▶ **Exercise prompt**:
Beginning with the line below that contains "1.8x10^-2 inches. Other" and ending with the line that contains "The 104th Fighter", retype every line exactly. Pictures are not copied.

▶ **Extracted data**:

------------

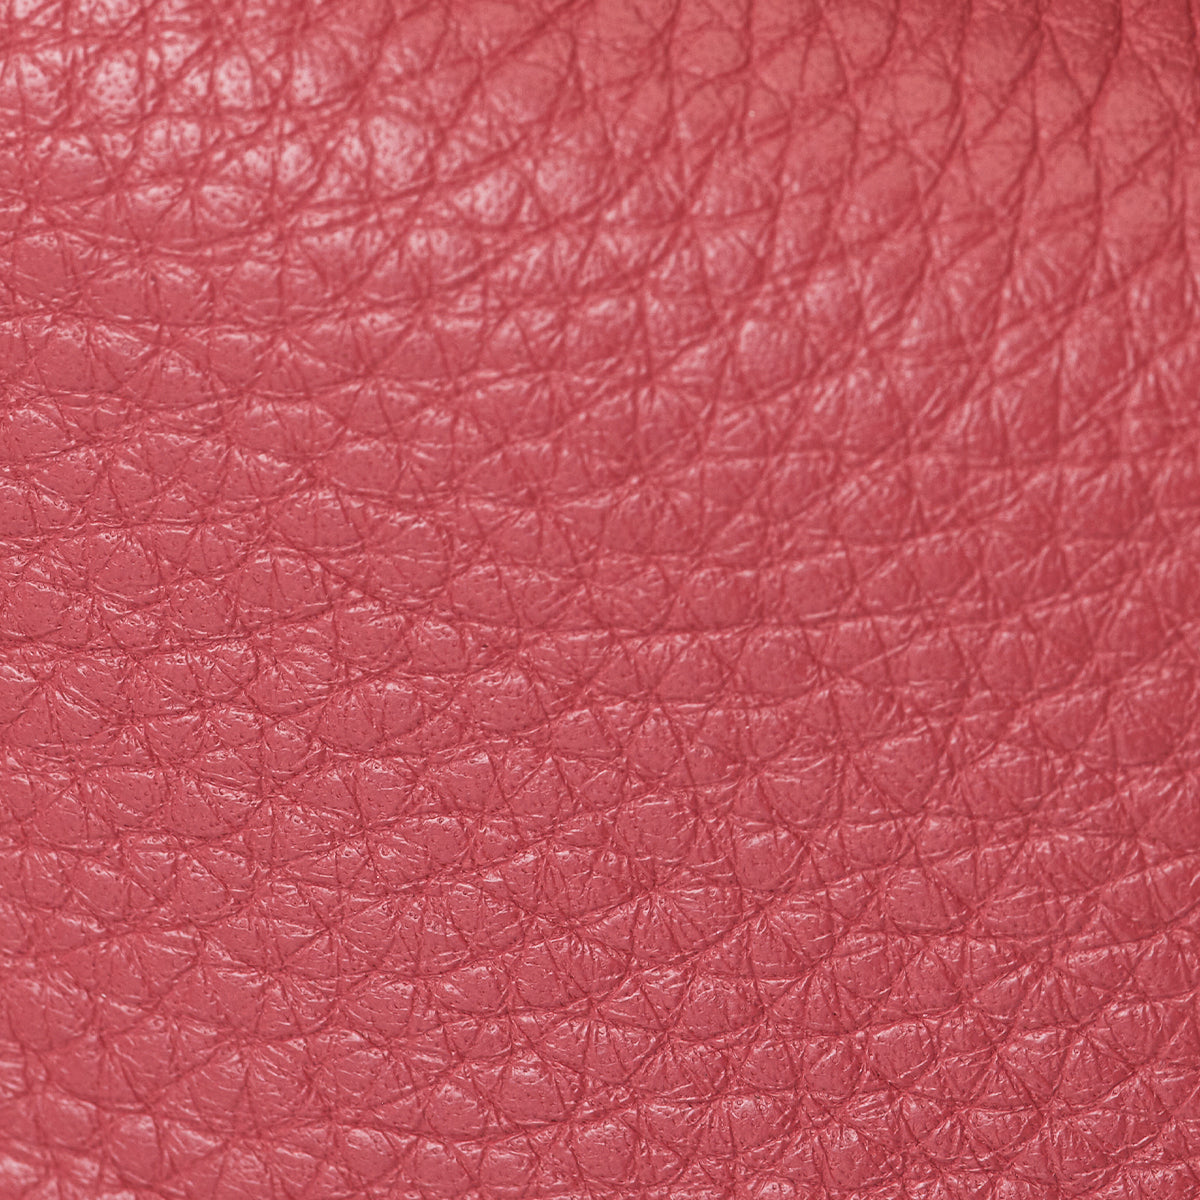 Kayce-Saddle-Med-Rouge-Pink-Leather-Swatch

------------

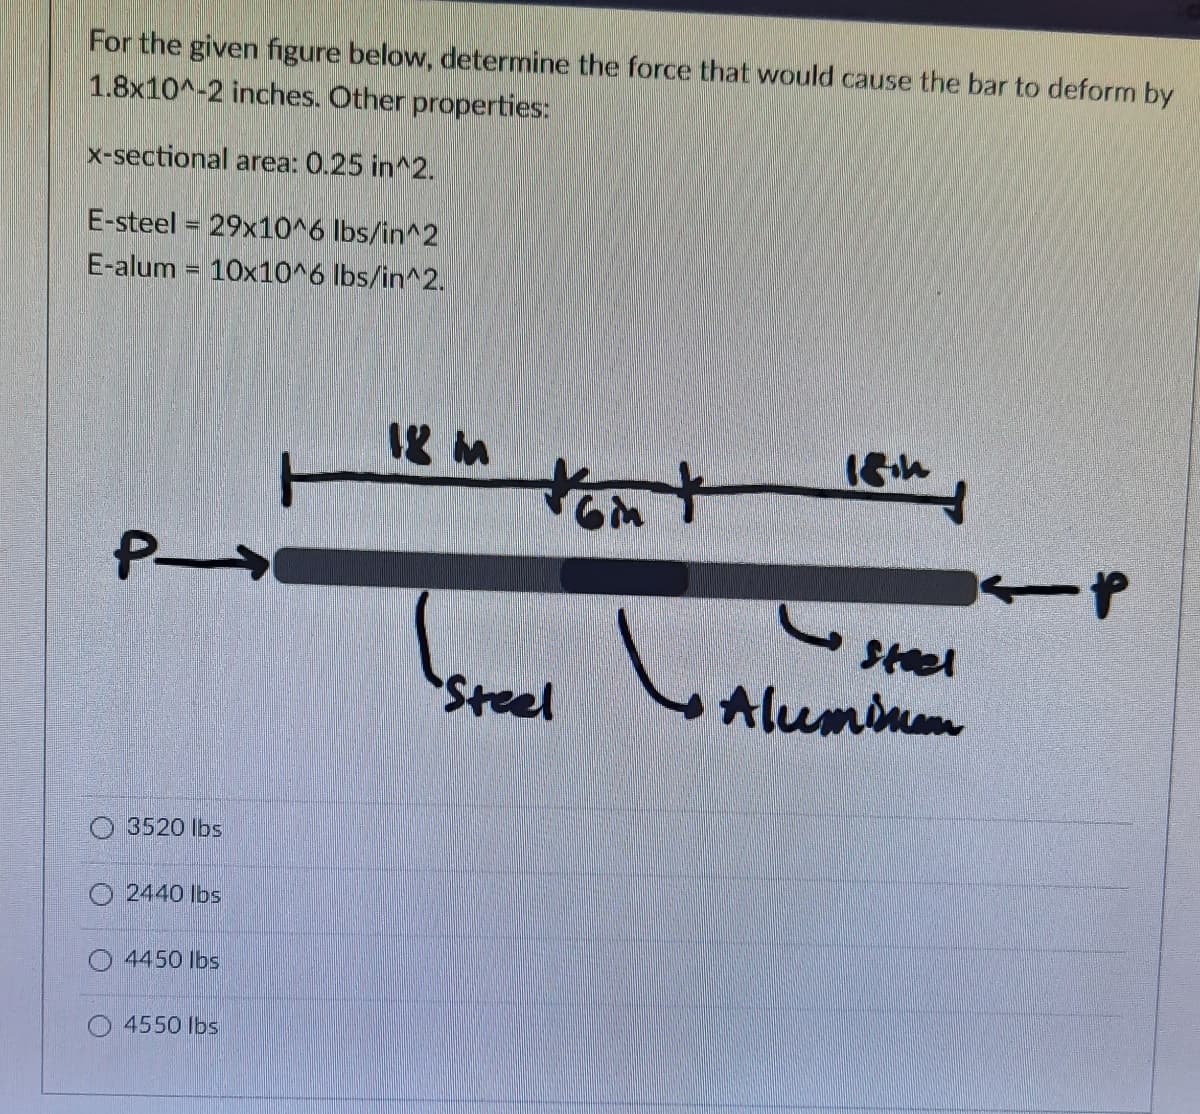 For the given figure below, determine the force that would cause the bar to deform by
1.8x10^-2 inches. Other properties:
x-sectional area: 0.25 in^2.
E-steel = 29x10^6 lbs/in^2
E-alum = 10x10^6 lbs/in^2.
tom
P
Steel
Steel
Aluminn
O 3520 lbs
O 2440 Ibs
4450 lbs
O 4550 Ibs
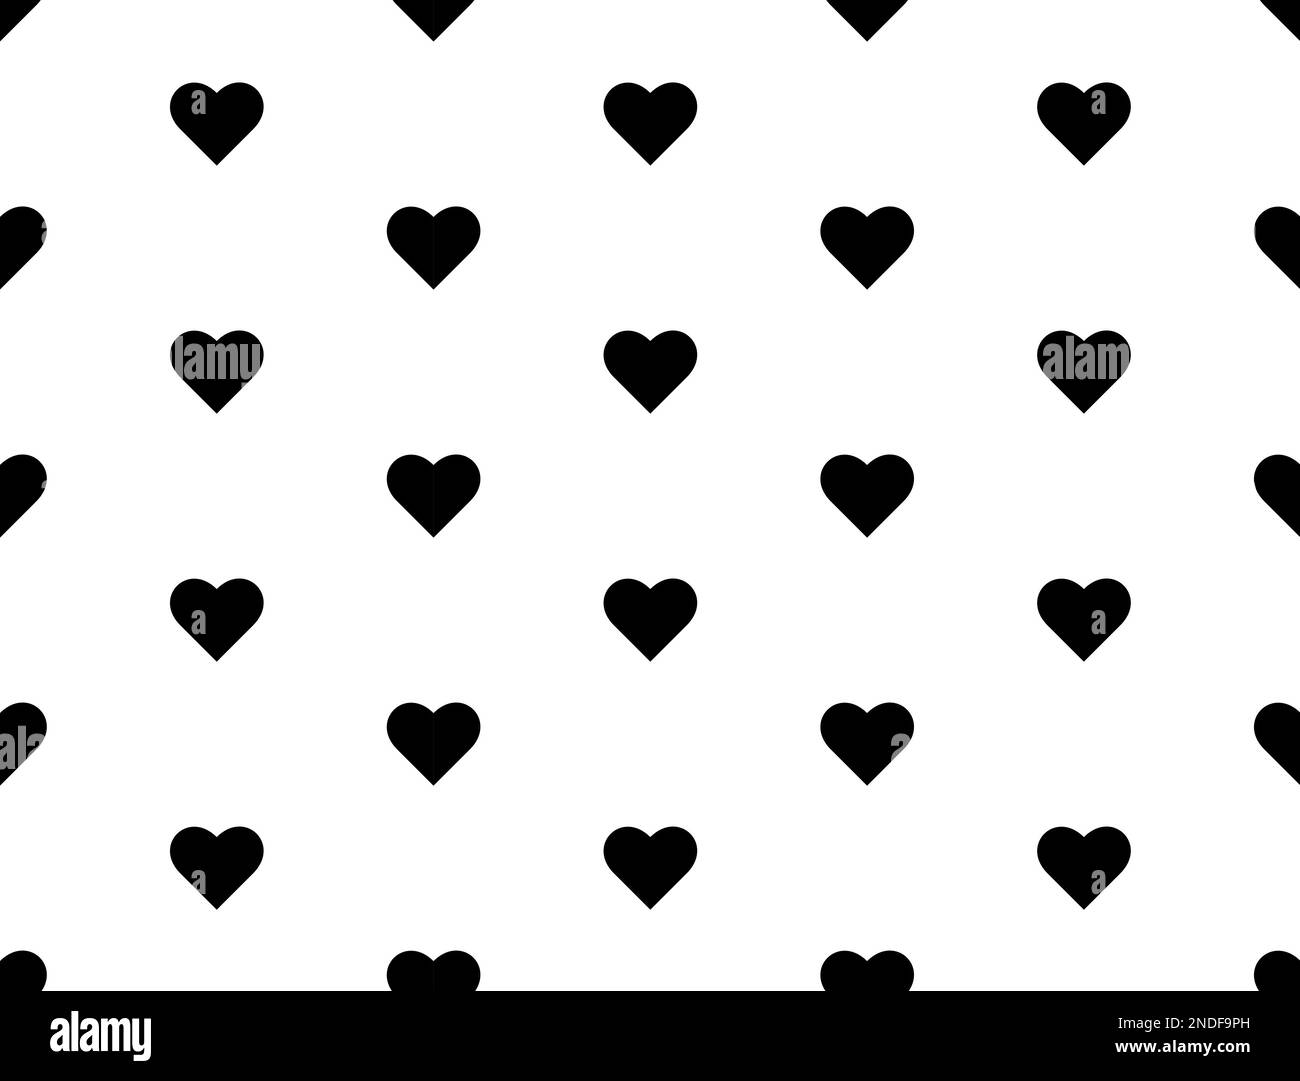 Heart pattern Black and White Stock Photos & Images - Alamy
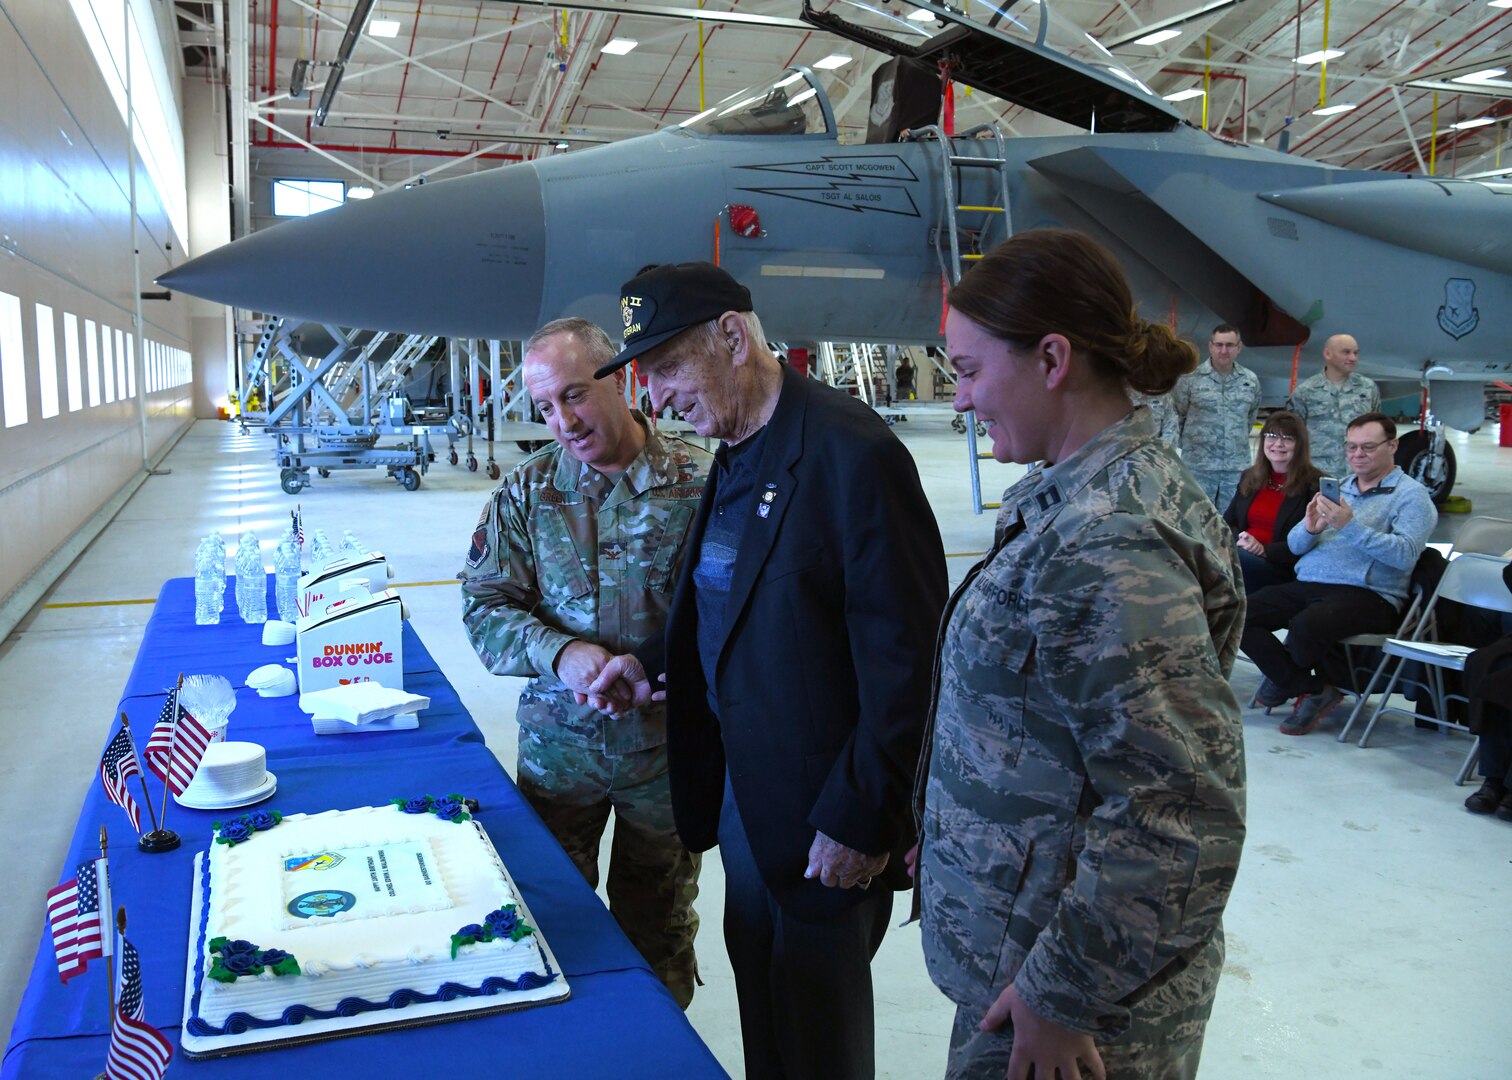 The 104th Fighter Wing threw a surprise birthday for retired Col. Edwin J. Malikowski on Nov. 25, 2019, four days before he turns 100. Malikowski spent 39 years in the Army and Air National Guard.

------------

▶ **The answer**:
1.8x10^-2 inches. Other properties:
x-sectional area: 0.25 in^2.
E-steel = 29x10^6 lbs/in^2
E-alum = 10x10^6 lbs/in^2.
tom
P
Steel
Steel
Aluminn
O 3520 lbs
O 2440 Ibs
4450 lbs
O 4550 Ibs
 Heart pattern Black and White Stock Photos & Images - Alamy
 The 104th Fighter Wing threw a surprise birthday for retired Col. Edwin J. Malikowski on Nov. 25, 2019, four days before he turns 100. Malikowski spent 39 years in the Army and Air National Guard.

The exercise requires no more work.